# XDMCP z innej sieci - widzę tylko czarny ekran i kursor X

## Oniryczny

Witam

chciałbym mieć możliwość podłączania się do mojego gentoo poprzez xdmcp

mam forwarding na poty 6000-6005 dla TCP i 177 dla UDP

gdy robię to po sieci lokalnej to działa ale z sieci zewnętrznej (z pracy np) po połączeniu widzę tylko czarne tło i wielkie X w miejscu kursora

po VNC działa ale to port 5900

Czy mógłbym prosić o pomoc?

----------

## Andry77

Zmień sobie na jakiś dowolnie wysoki i wystaw sobie port z ssh. Przekierowujesz sobie dowolny port na lokalna maszynę np. za pomocą putty. A do tego masz szyfrowanie i kompresję, a łączysz się dowolnie jak byś był w sieci lokalnej. Ja dodatkowo mam tunel http bo tylko port 80 jest dostępny z pracy, więc wszystko idzie dwoma tunelami  :Smile:  Wystawiam sobie dowolny www cache (np.
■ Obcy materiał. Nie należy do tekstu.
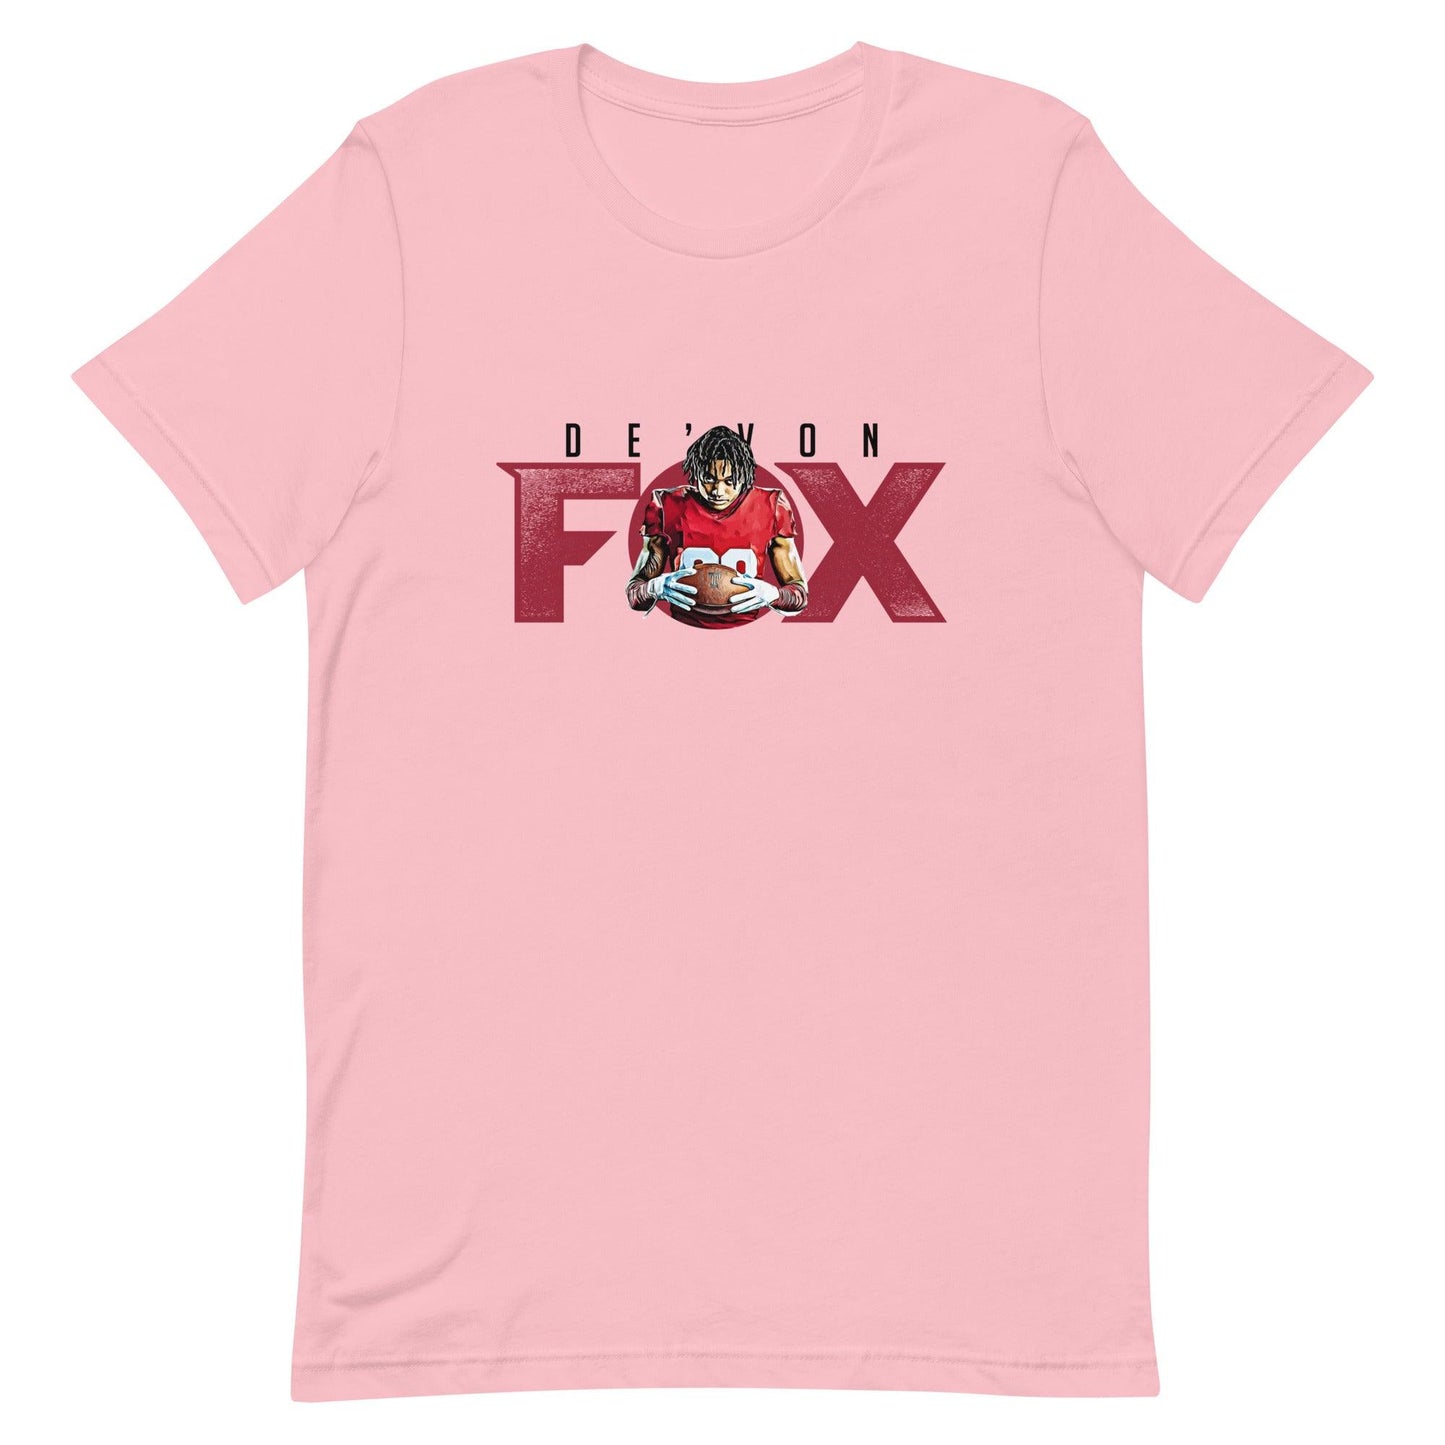 De'Von Fox "Gameday" t-shirt - Fan Arch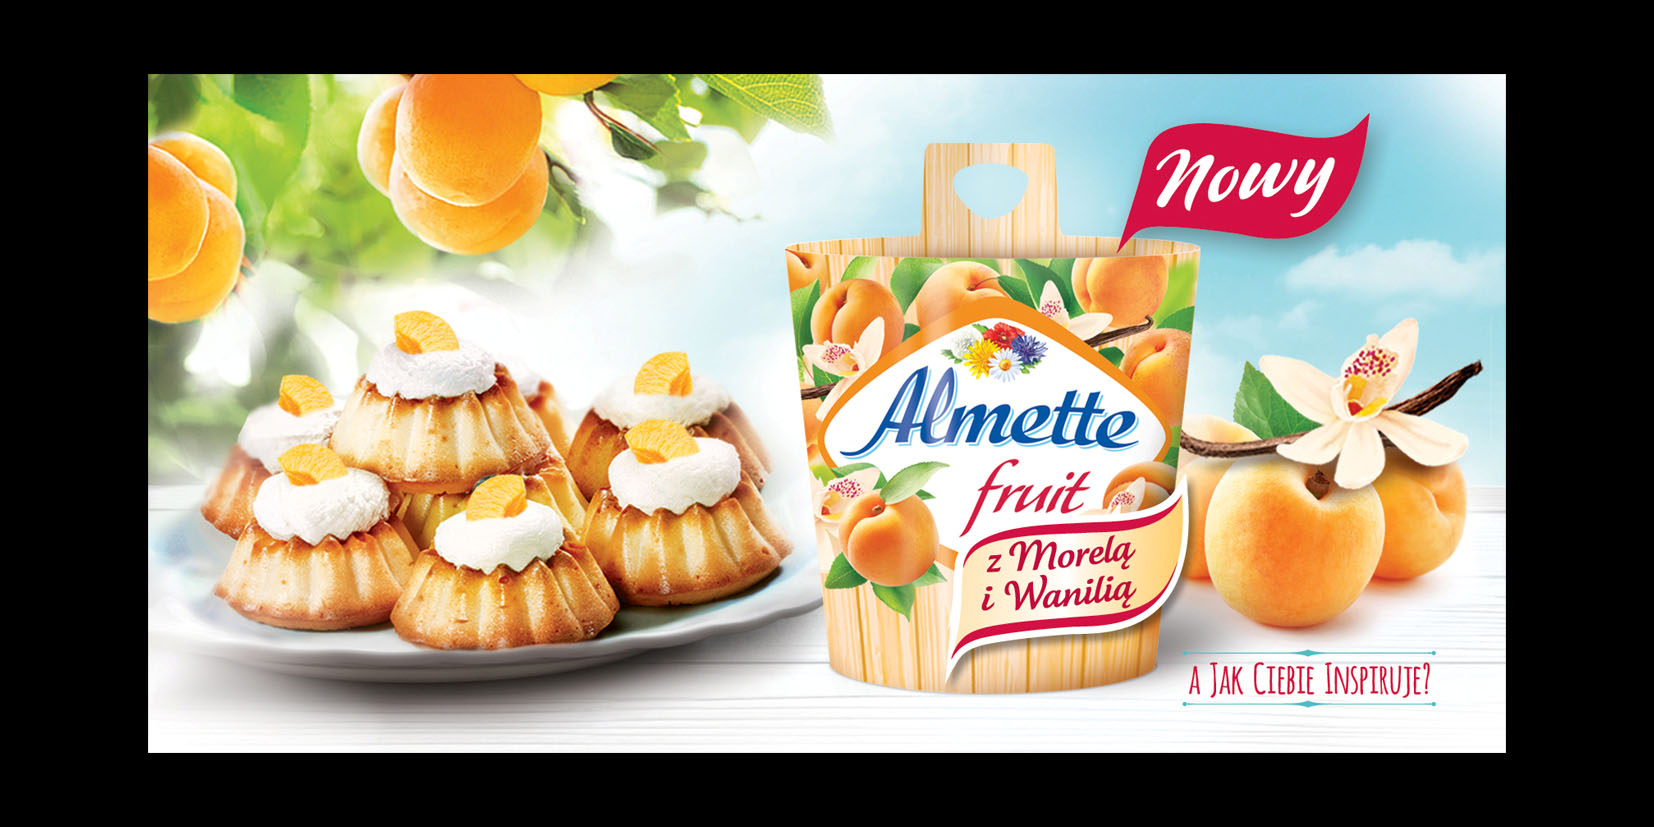 W lutym startuje kampania Almette Fruit!

TP) i mam odblokowany internet w pracy  :Smile: 

----------

## Oniryczny

nie rozumiem

jak niby to ustawić?

a jak się podłączę z innego linuxa?

----------

## Jacekalex

XDMC wymaga transferu rzędu 10 MB/s (80Mbps), dlatego przez internet chyba możesz zapomnieć o tej metodzie, i ssh z kompresją też nie załatwi sprawy, o ile będzie szyfrowany, samo szyfrowanie da takie obciążenie (przy transferze rzedu kilkadziesiąt Mbps), że elektrownia się ucieszy.  :Smile: 

Możesz spróbować zalogować się przez ssh, i uruchomić pojedyncze programy.

Musisz do tego mieć wlączony X11Forwarding w konfigu ssh, ale niektóre programy mogą jakośtam działać.

Albo wziaść kompa do plecaka i pojechać do jakiegoś kraju, gdzie internet 100Mbit (łącze symetryczne)  jest dostępny za sensowne pieniądze.  :Wink: 

VNC działa dlatego, że jest przystosowane do wolnych łączy, i stosuje maksymalne możliwosci  kompresji.

XXDMC jest głównie do użytku w sieci LAN.

Pozdrawiam

 :Cool: 

----------

## ender74

Dobrym rozwiązaniem na wolne łącza będzie FreeNX

----------